• **TASK DESCRIPTION**: Without changing a word, copy every line of the listing below and leave out the images.

• **MATERIAL PROVIDED**:
= = = = =

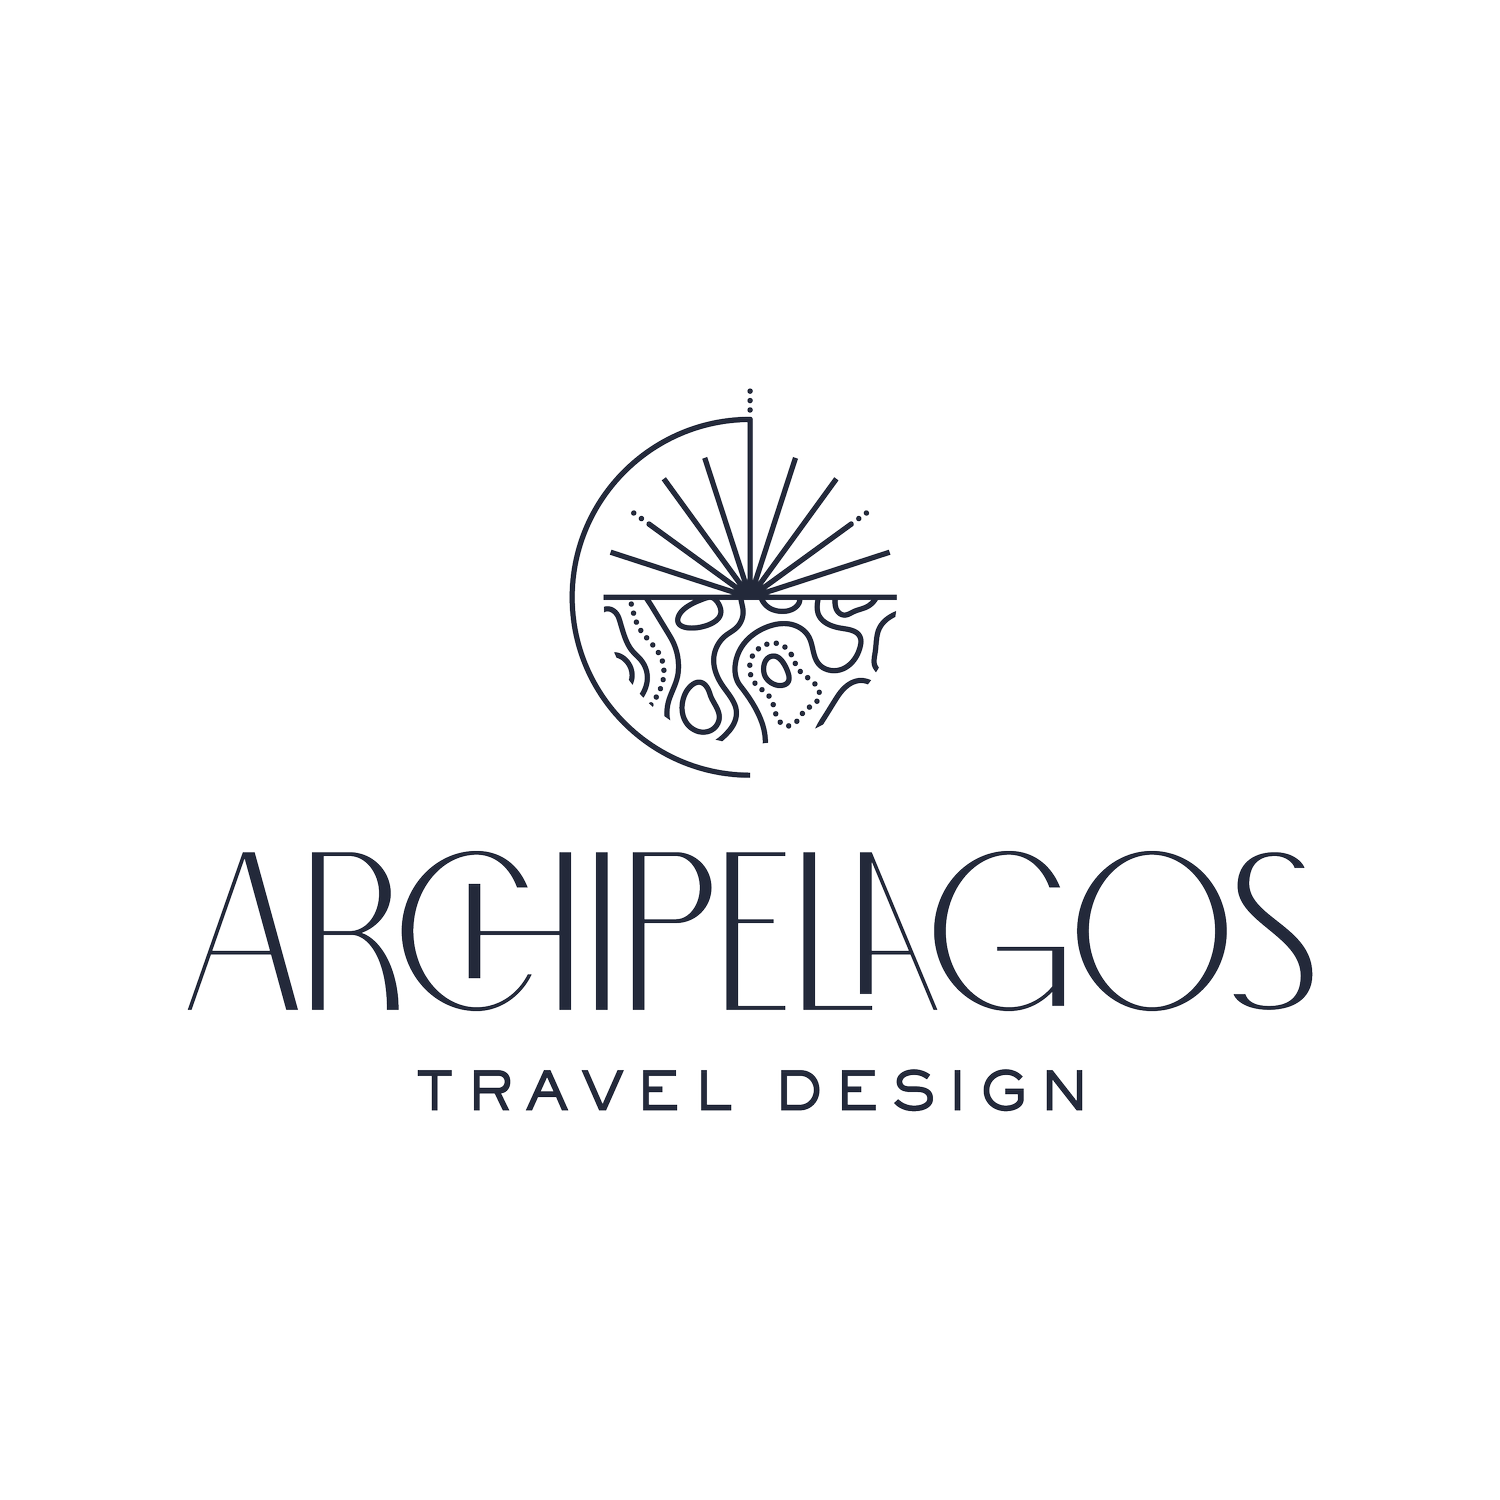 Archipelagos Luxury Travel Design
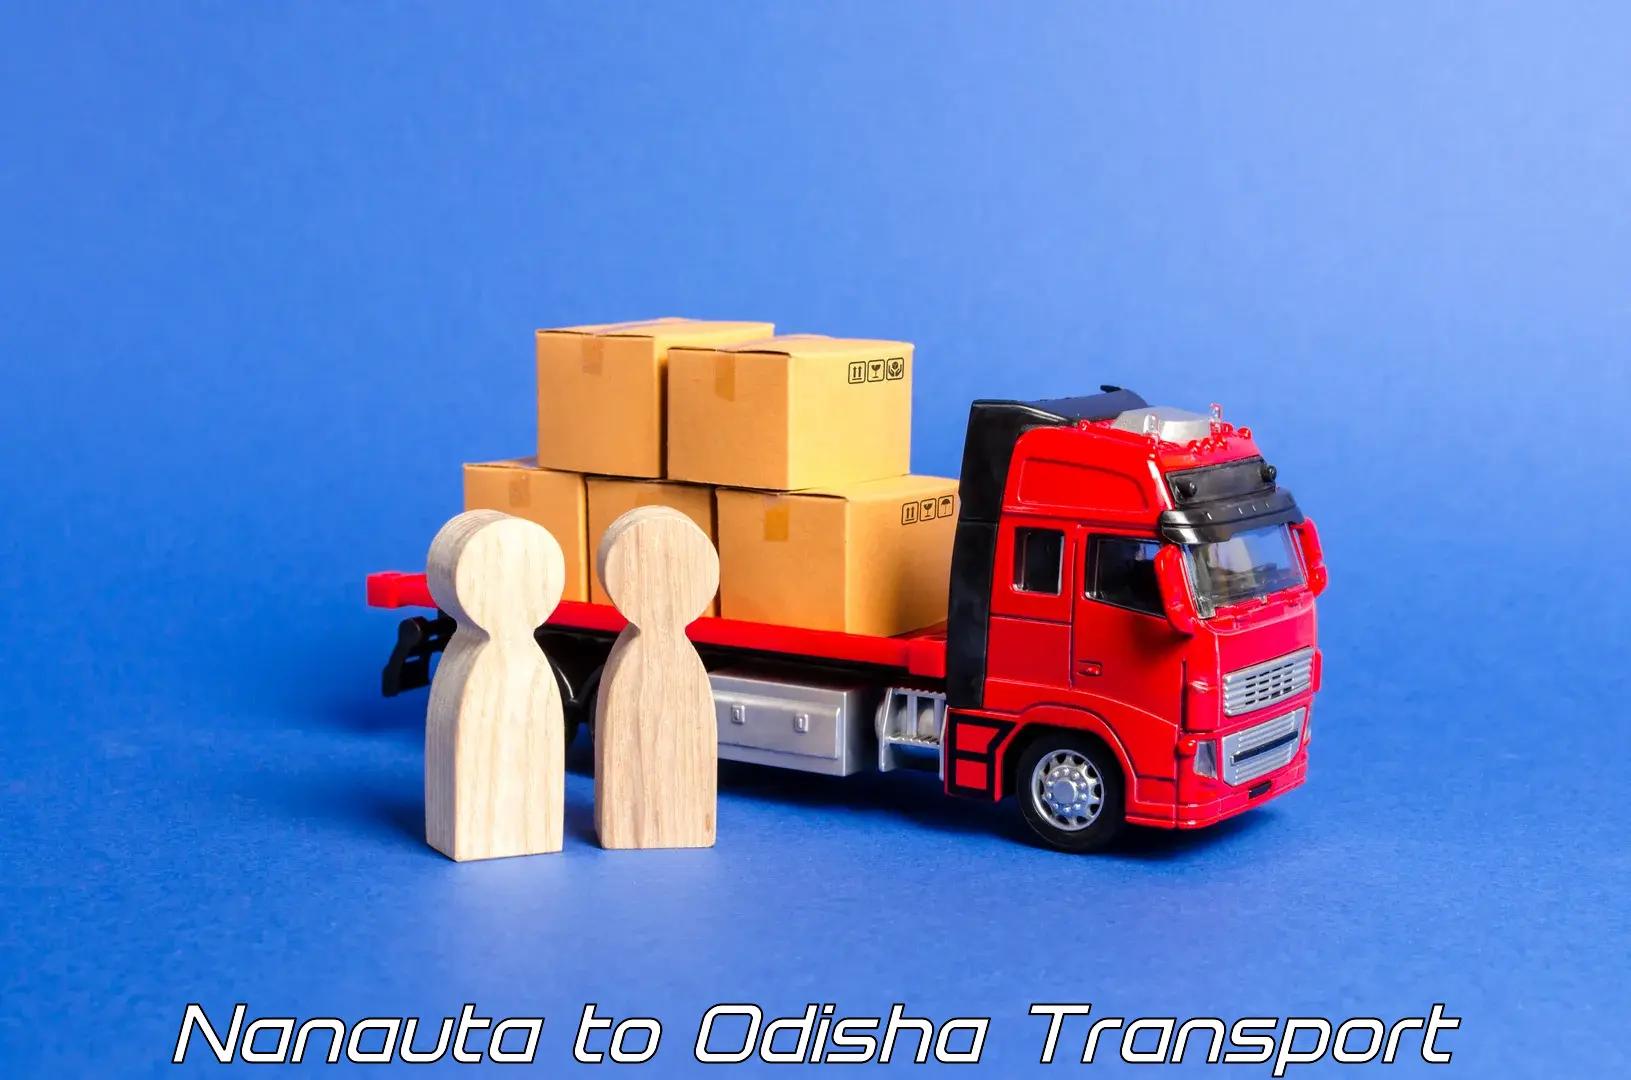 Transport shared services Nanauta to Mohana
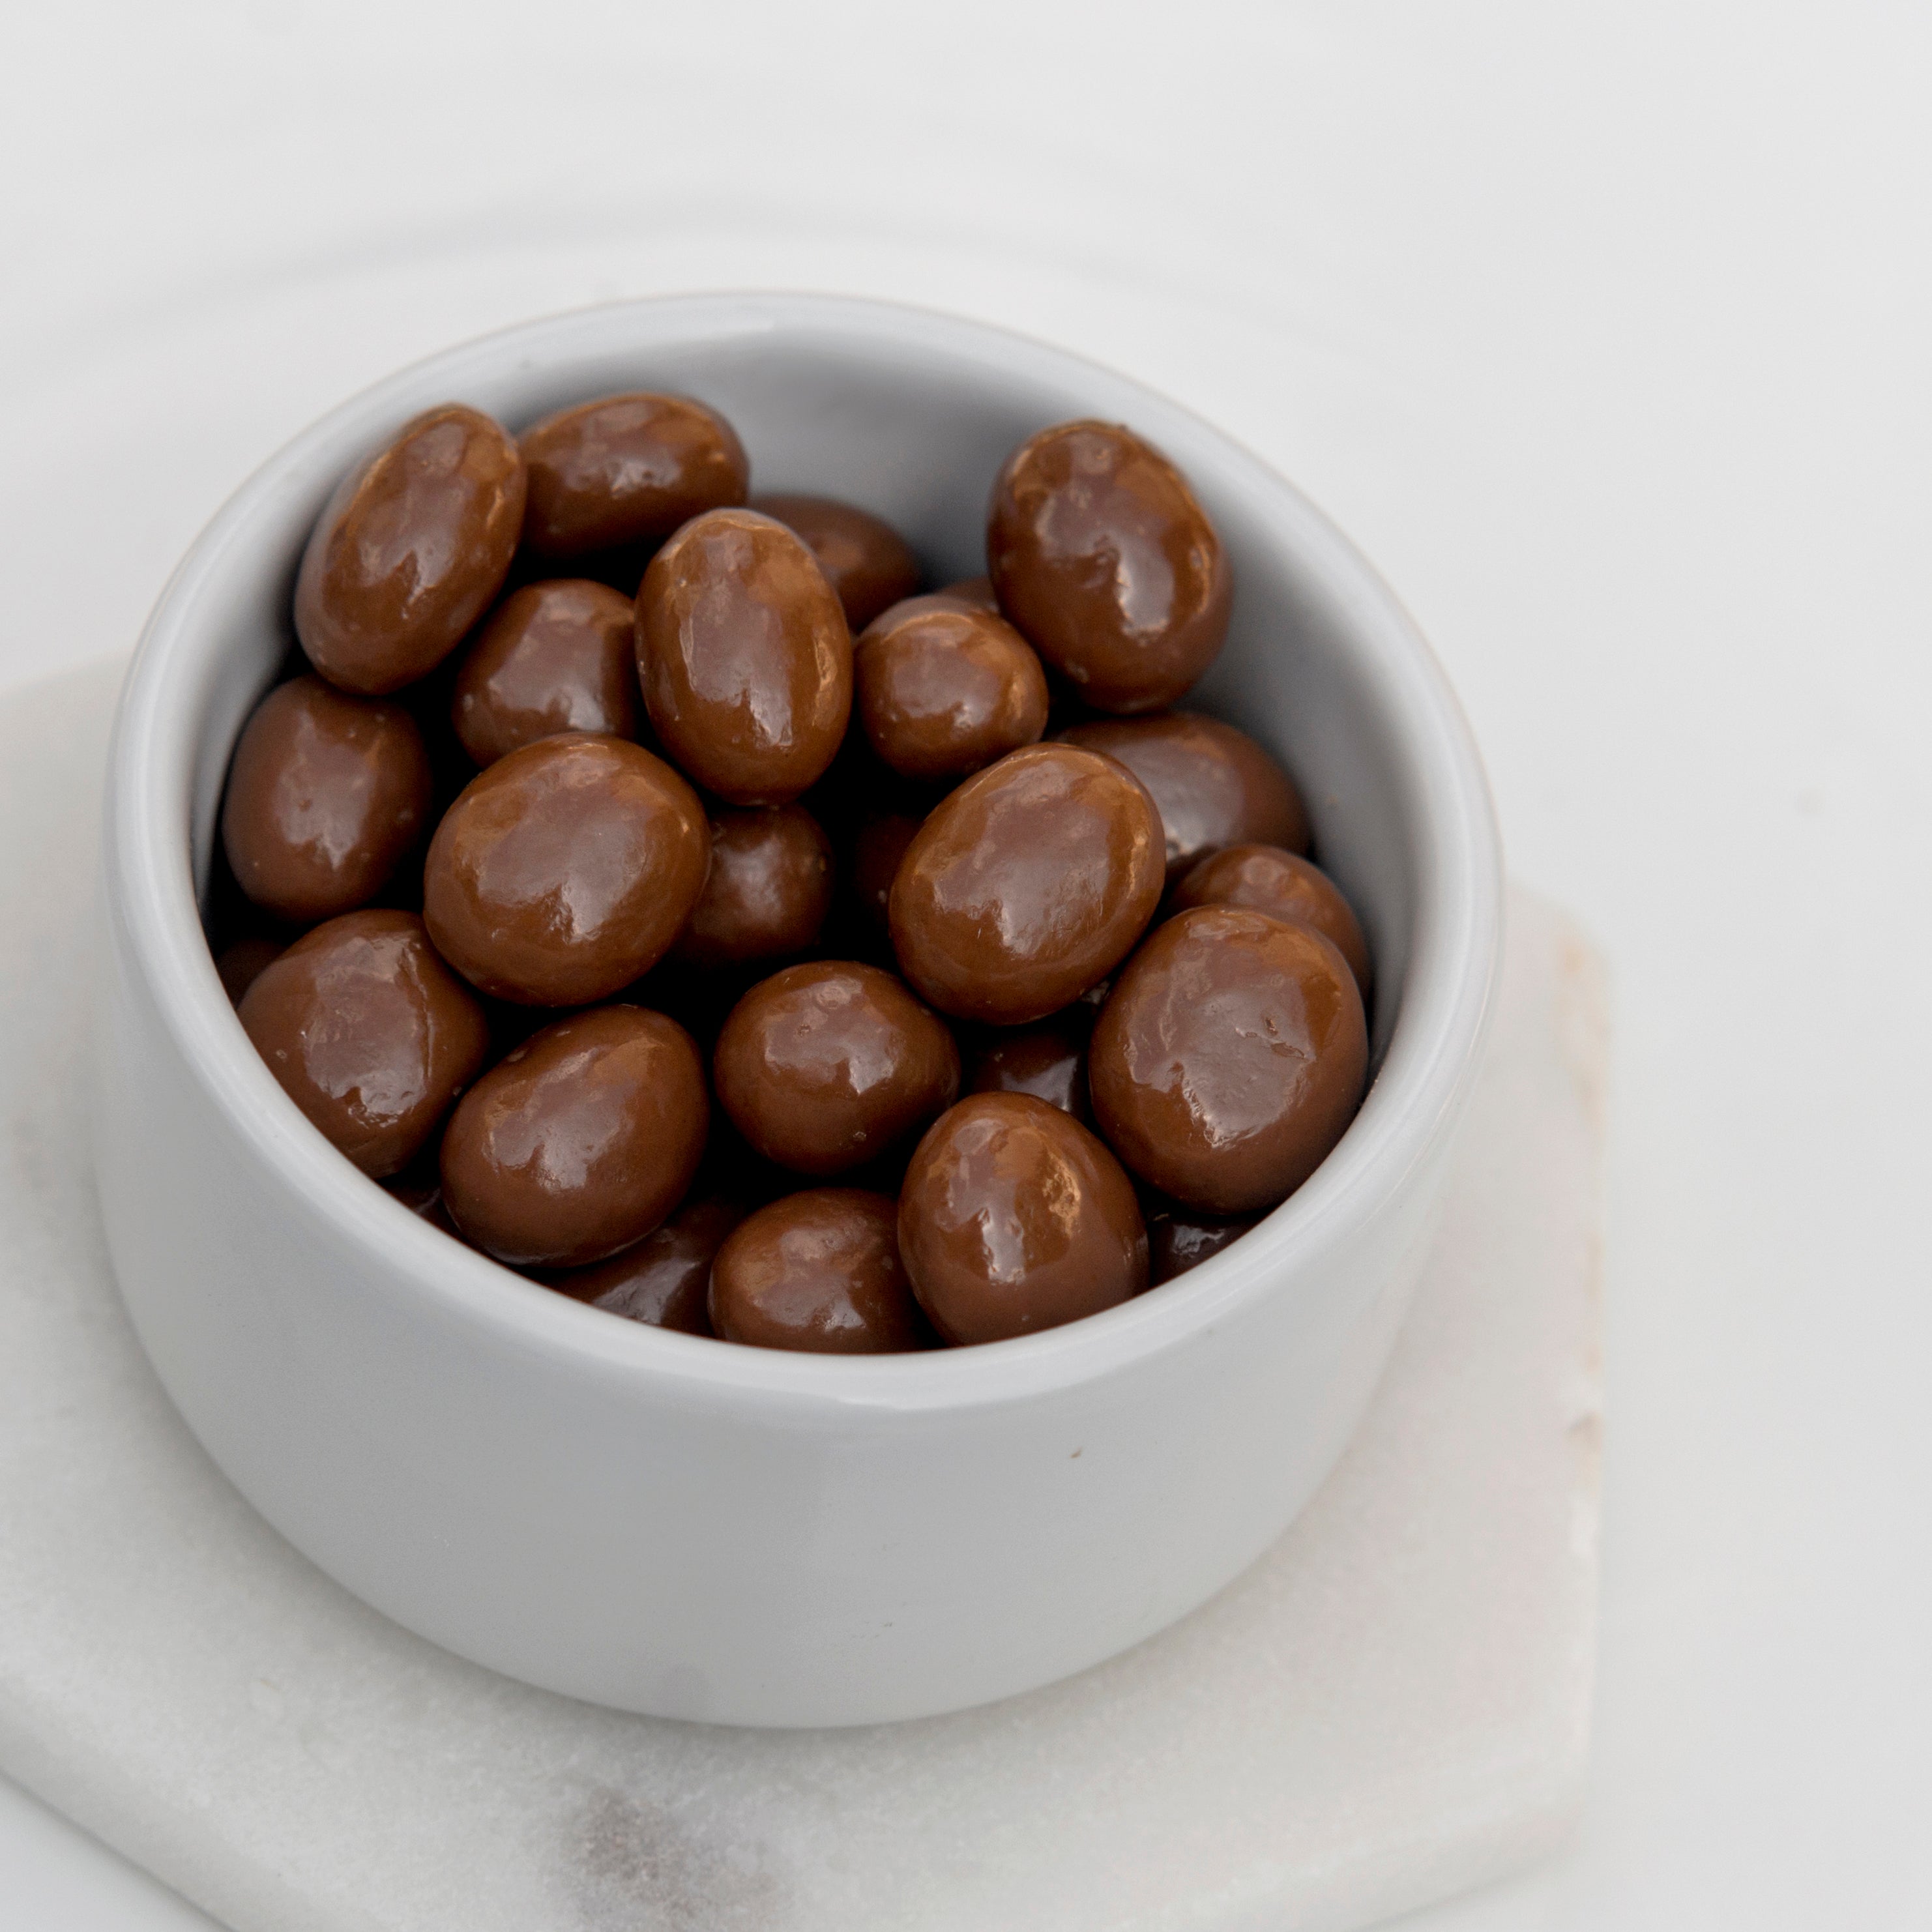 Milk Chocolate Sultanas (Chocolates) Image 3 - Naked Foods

= = = = =

• **OUTPUT OF THE EXERCISE**:
 Archipelagos Luxury Travel Design
 Transport shared services Nanauta to Mohana
 Milk Chocolate Sultanas (Chocolates) Image 3 - Naked Foods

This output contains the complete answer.